Meskipun begitu, polusi udara adalah faktor risiko yang kurang penting berbanding merokok David Mannino, 2007.
f. Faktor genetik
Defisiensi α1-antitripsin adalah satu-satunya faktor genetik yang berisiko untuk terjadinya bronkitis kronik. Insidensi kasus bronkitis kronik
yang disebabkan defisiensi α1- antitripsin di Amerika Serikat kurang daripada satu peratus.
α1-antitripsin merupakan inhibitor protease yang diproduksi di hati dan bekerja menginhibisi neutrofil elastase di paru. Defisiensi
α1-antitripsin yang berat menyebabkan bronkitis kronik pada umur rata-rata 50 tahun untuk penderita dengan riwayat merokok dan 40 tahun untuk penderita yang tidak merokok Vestbo.J,
2004.
2.1.3. Patofisiologi bronkitis kronik
Perubahan struktur pada saluran pernapasan menimbulkan perubahan fisiologik yang merupakan gejala bronkitis kronik seperti batuk kronik, produksi sputum, obstruksi jalan napas,
gangguan pertukaran gas, hipertensi pulmonal dank atau pulmonale. Akibat perubahan bronkial terjadi gangguan pertukaran gas yang menimbulkan dua masalah serius yaitu:
1. Aliran darah dan aliran udara ke dinding alveoli tidak sesuai dimana berlaku mismatched. Sebagian tempat alveoli terdapat aliran darah yang adekuat tetapi sangat sikit aliran udara dan
sebagian tempat lain sebaliknya. 2. Prestasi yang menurun dari pompa respirasi terutama otot-otot respirasi sehingga terjadi
overinflasi dan penyempitan jalan napas, menimbulkan hipoventalasi dan tidak cukupnya udara ke aveoli menyebabkan karbon dioksida darah meningkat dan oksigen dalam darah berkurang.
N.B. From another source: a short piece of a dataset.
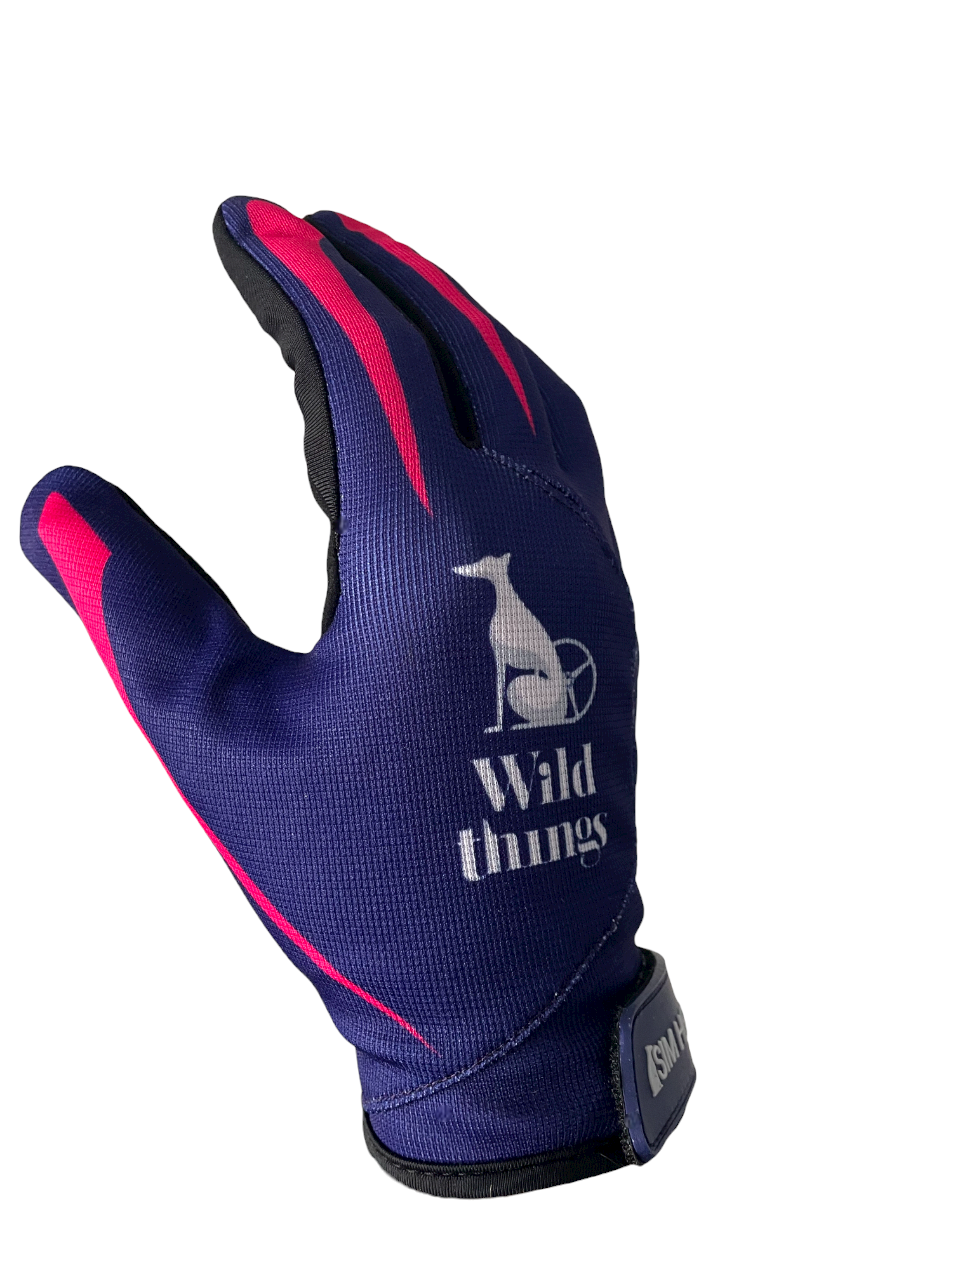 Sim Hound Gloves - Wild Things Racing

Mekanisme patofisiologi yang bertanggung jawab pada bronkitis kronik sangat kompleks, berawal dari rangsang iritasi pada jalan napas menimbulkan 4 hal besar seperti inflamasi jalan
napas, hipersekresi mukus, disfungsi silia dan rangsangan reflex vagal saling mempengaruhi dan berinteraksi menimbulkan suatu proses yang sangat kompleks Sanjay Sethi, 1999.
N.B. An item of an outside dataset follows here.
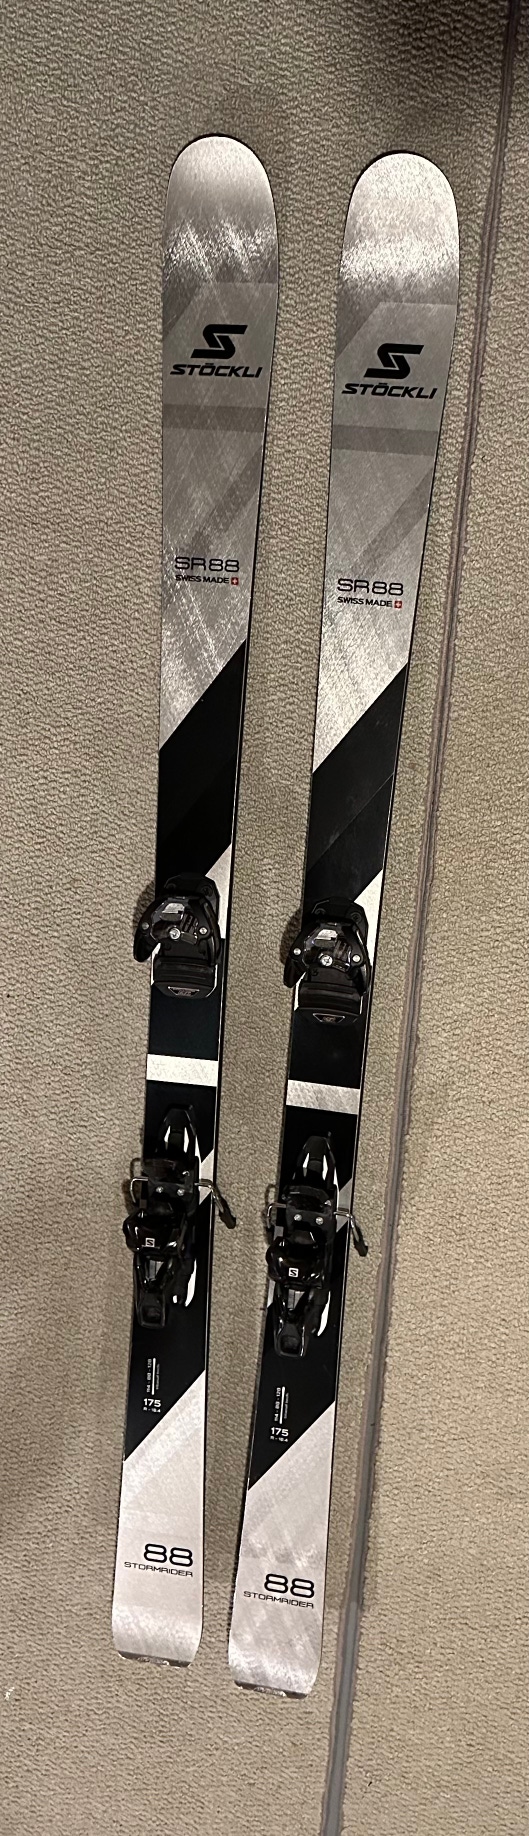 2023 Stockli Stormrider88 skis 175cm with Salomon Warden11 bindings

Universitas Sumatera Utara
2.1.4. Gejala-gejala bronkitis kronik
Bronkitis kronik sering dikaitkan dengan gejala eksaserbasi akut dimana kondisi pasien mengalami perburukan dari kondisi sebelumnya dan bersifat akut. Eksaserbasi akut ini dapat
ditandai dengan gejala yang khas, seperti sesak napas yang semakin memburuk, batuk produktif dengan perubahan volume atau purulensi sputum atau dapat juga memberikan gejala yang tidak
khas seperti malaise, kelelahan dan gangguan tidur. Gejala klinis bronkitis kronik eksaserbasi akut ini dapat dibagikan menjadi dua yaitu gejala respirasi dan gejala sistemik. Gejala respirasi
berupa sesak napas yang semakin bertambah berat, peningkatan volume dan purulensi sputum, batuk yang semakin sering, dan napas yang dangkal dan cepat. Gejala sistemik ditandai dengan
peningkatan suhu tubuh, peningkatan denyut nadi serta gangguan status mental pasien GOLD, 2011.